Results : Finally, we built a well-labelled and sizable SS handwritten character dataset, which contains 80 categories with a total of 110 610 labeled character samples. To verify the detection and recognition effect of Faster R-CNN on SSHC, and to discuss the influence of the data augmentation method mentioned in this study, we carry out experiments with different combinations of datasets as the input. In experiment 1, we use the original dataset, and the average recognition accuracy reaches only 62.21%, and in the case of sparse samples for some classes, the recognition rate even equals 0. In experiment 2, we use the original dataset plus the data by manual handwriting, and the average recognition accuracy increased by 2.26 percentage points. The dataset of experiment 3 includes the dataset of experiment 2 plus the data of image synthesis, which further reduces the gap between the number of samples in each category. In experiment 3, we obtain the average recognition accuracy of 90.91%, which increases by 18.52 percentage points compared to that of experiment 2. The dataset of experiment 4 includes the cropped data plus the image-synthesized data, resulting in an highest average recognition accuracy of 91.95%, and achieving end-to-end accurate positioning and recognition of SSHC at the page level.
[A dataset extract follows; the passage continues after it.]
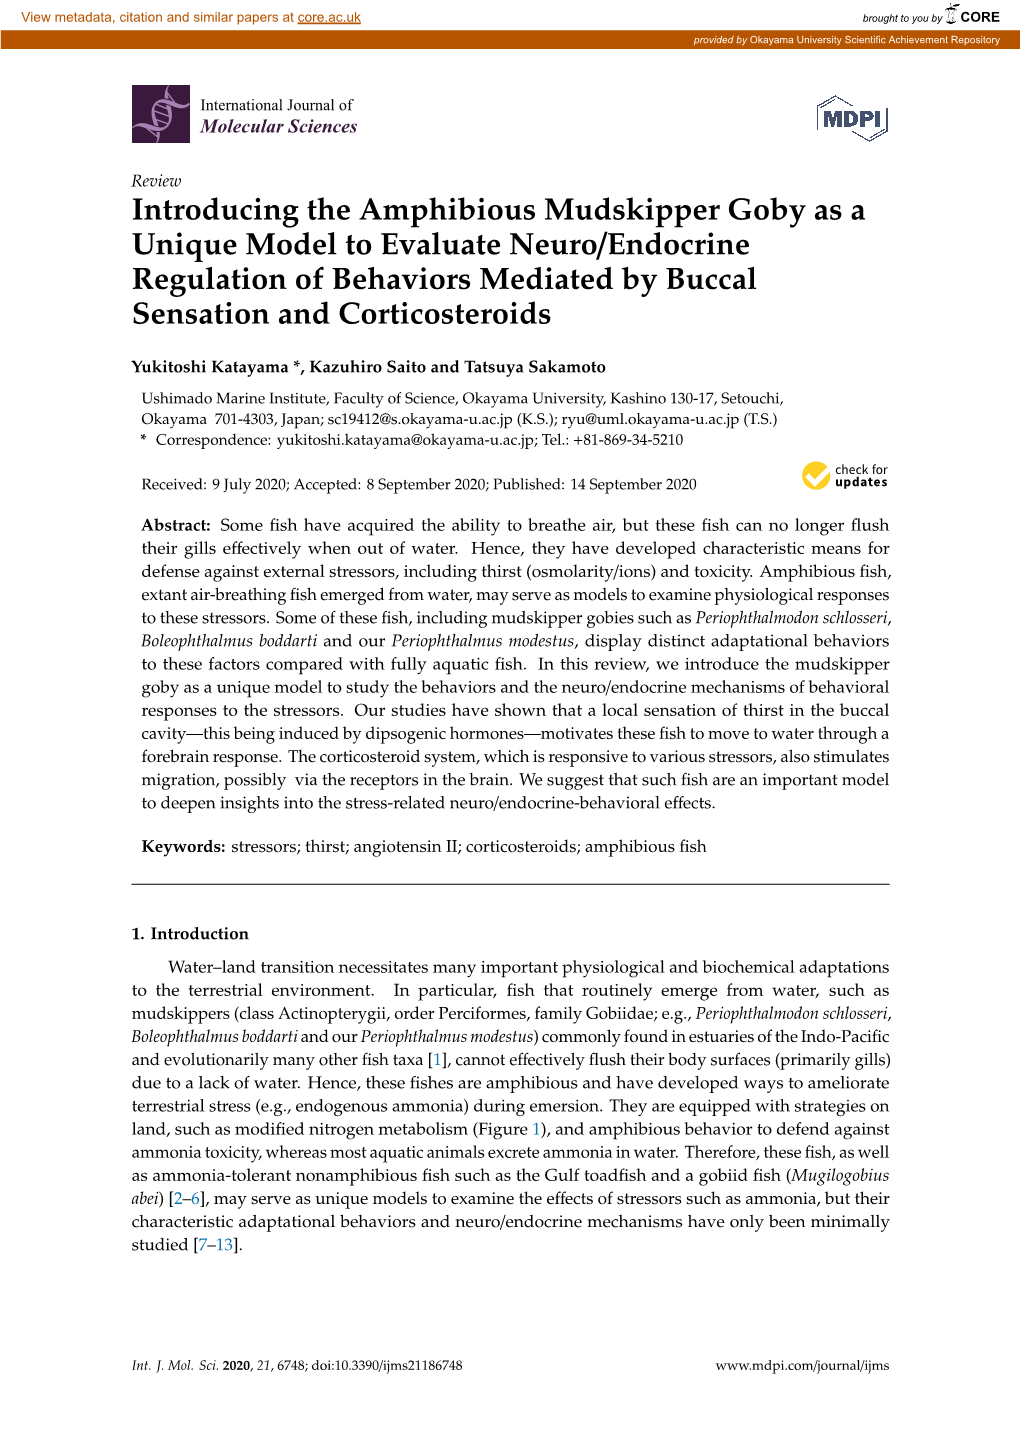 Introducing the Amphibious Mudskipper Goby As a Unique Model to Evaluate Neuro/Endocrine Regulation of Behaviors Mediated by Buccal Sensation and Corticosteroids

Conclusions: Experimental results show that the Faster R-CNN can achieve good detection and recognition of SSHC on the current dataset, and the data augmentation method used in this study can significantly improve the recognition rate of SSHC. Our study provides new ideas for the preservation and transmission of SS culture, and offers a guide for solving the problem of SS character recognition in practical application scenarios.